![]()
Garut,Medialibas.com – Dari kejauhan, hamparan pegunungan di Kabupaten Garut tampak hijau dan menyejukkan mata. Namun, di balik panorama alam yang indah itu, tersimpan kenyataan yang kian mengkhawatirkan. Hutan-hutan yang dulu rimbun kini mulai gundul, tanah-tanah yang dulu subur berubah menjadi lahan sayuran yang terjal, dan aliran sungai yang dulu jernih kini semakin keruh akibat sedimentasi dan erosi.
Data dari Kesatuan Pemangkuan Hutan (KPH) Perhutani Garut, Jawa Barat telah mencatat bahwa kawasan hutan lindung di wilayah ini mencapai 73.053,57 hektar dari total luas Kabupaten Garut yang 3.065,19 kilometer persegi. Secara fungsi ekologis, hutan-hutan ini seharusnya menjadi benteng penyangga kehidupan: menjaga tata air, mencegah banjir dan longsor, serta memastikan kesuburan tanah tetap terjaga. Namun, kondisi di lapangan jauh dari ideal.
Degradasi yang Tak Terbendung
Dalam dua dekade terakhir, tekanan terhadap hutan lindung meningkat tajam.

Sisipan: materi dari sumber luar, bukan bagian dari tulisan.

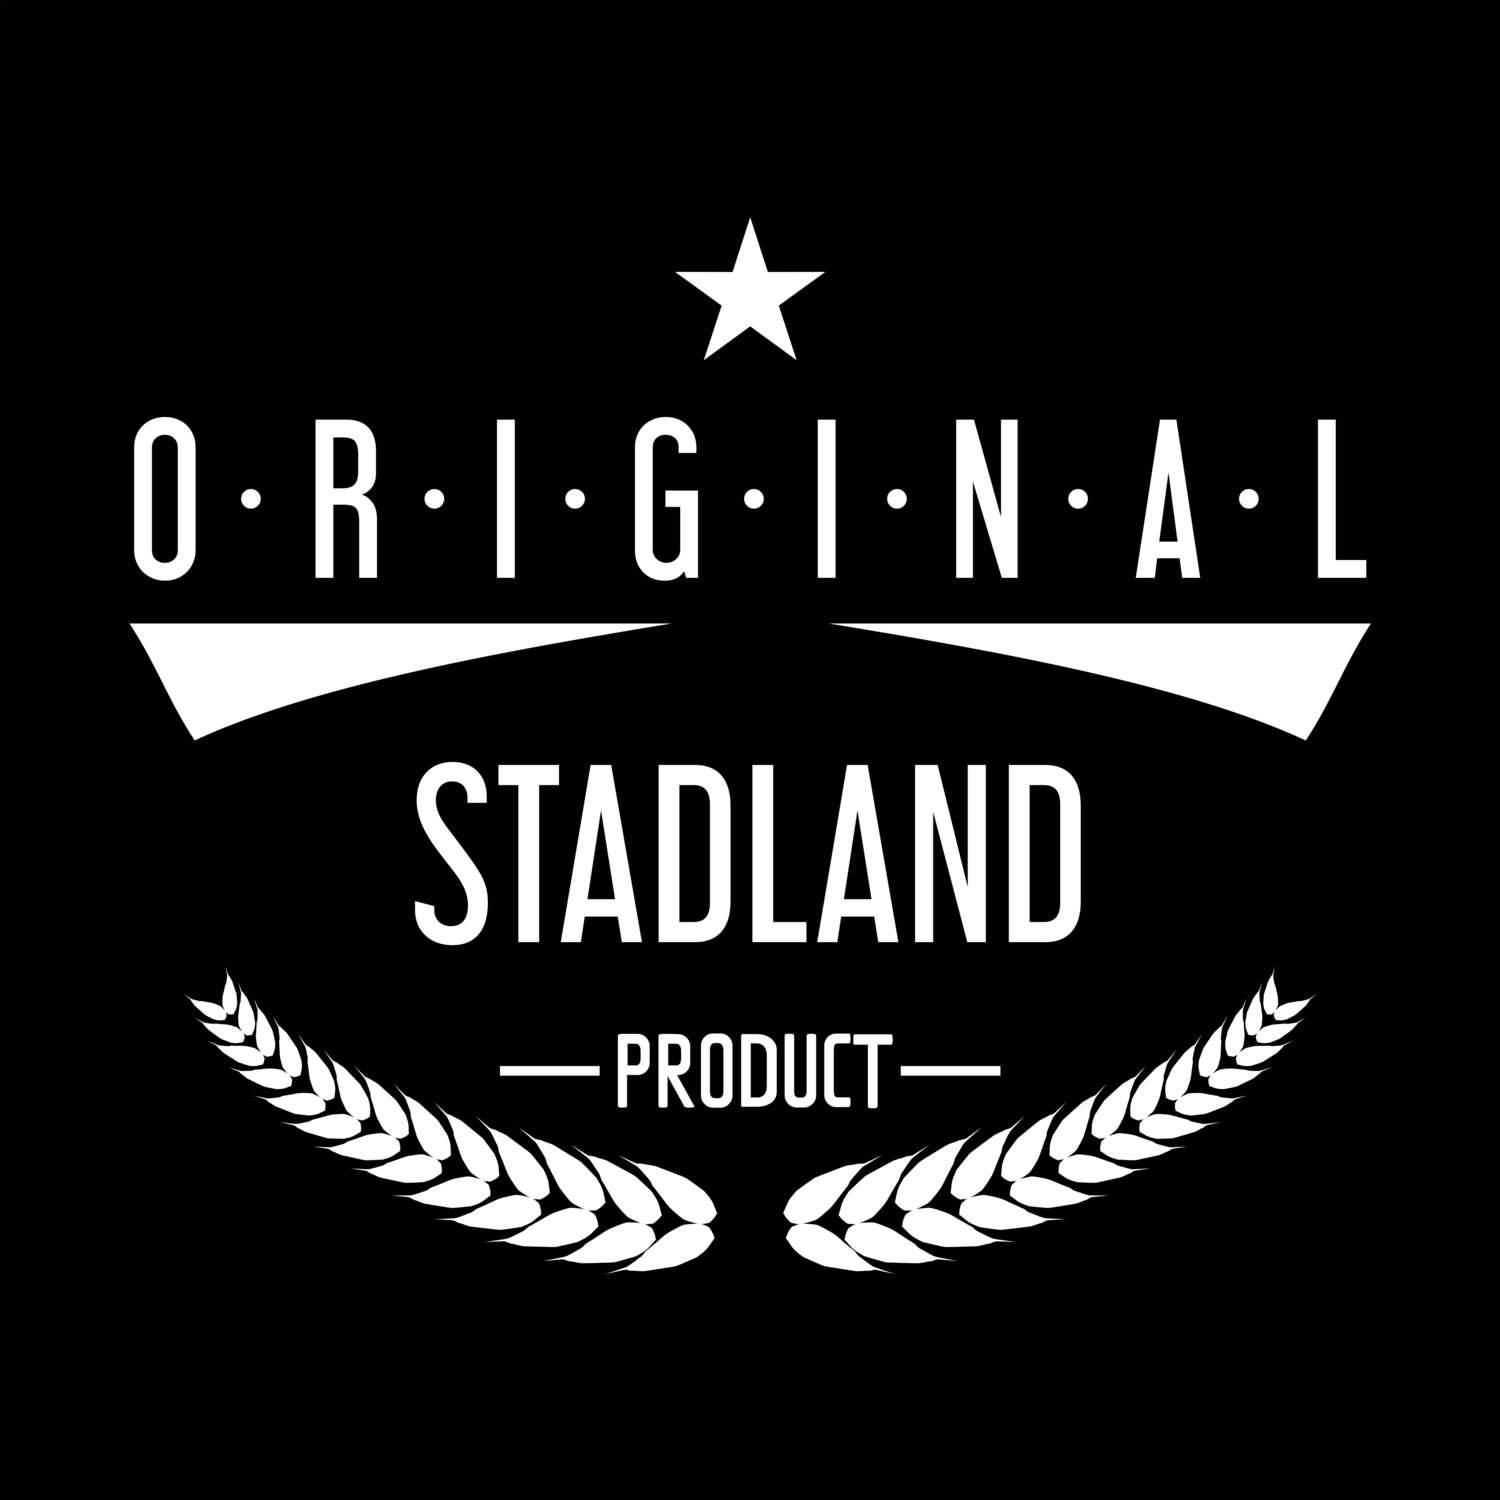 Stadland T-Shirt »Original Product«

Konversi lahan menjadi kebun sayur di kawasan dataran tinggi menjadi fenomena yang paling menonjol. Di daerah seperti Cikajang, Cisurupan, Cilawu, Samarang, dan Bayongbong, pemandangan ladang kentang, kol, dan wortel yang menggantikan tegakan hutan sudah menjadi hal biasa.
Di satu sisi, kegiatan pertanian sayur-mayur memang memberikan penghasilan bagi ribuan petani yang menggantungkan hidup di lereng-lereng pegunungan. Namun di sisi lain, dampaknya terhadap lingkungan sangat besar. Tanah menjadi terbuka tanpa penutup vegetasi permanen, sehingga air hujan tidak lagi terserap dengan baik.
“Begitu hujan deras turun, air langsung mengalir ke bawah membawa lumpur dan batu. Di musim kemarau, tanah retak dan tandus,” kata Ahmad (46), seorang warga di lereng Gunung Cikuray yang sudah 20 tahun bertani di kawasan yang dulunya hutan lindung.
Ahmad mengaku tahu bahwa lahan yang ia garap adalah kawasan lindung, tapi tekanan ekonomi membuatnya sulit berpaling. “Kalau tidak bertani, kami makan apa? Anak butuh sekolah, hidup makin susah. Pemerintah harusnya bantu dengan cara lain, bukan hanya melarang,” ujarnya dengan nada getir.
Fungsi Hidrologis yang Hilang
Kerusakan hutan di Garut bukan sekadar masalah tutupan vegetasi. Dampak yang lebih nyata adalah menurunnya kapasitas daya resap air dan meningkatnya risiko bencana hidrometeorologi. Dalam beberapa tahun terakhir, Garut kerap dilanda banjir bandang dan longsor di berbagai titik seperti Sukaresmi, Tarogong Kaler, dan Cilawu.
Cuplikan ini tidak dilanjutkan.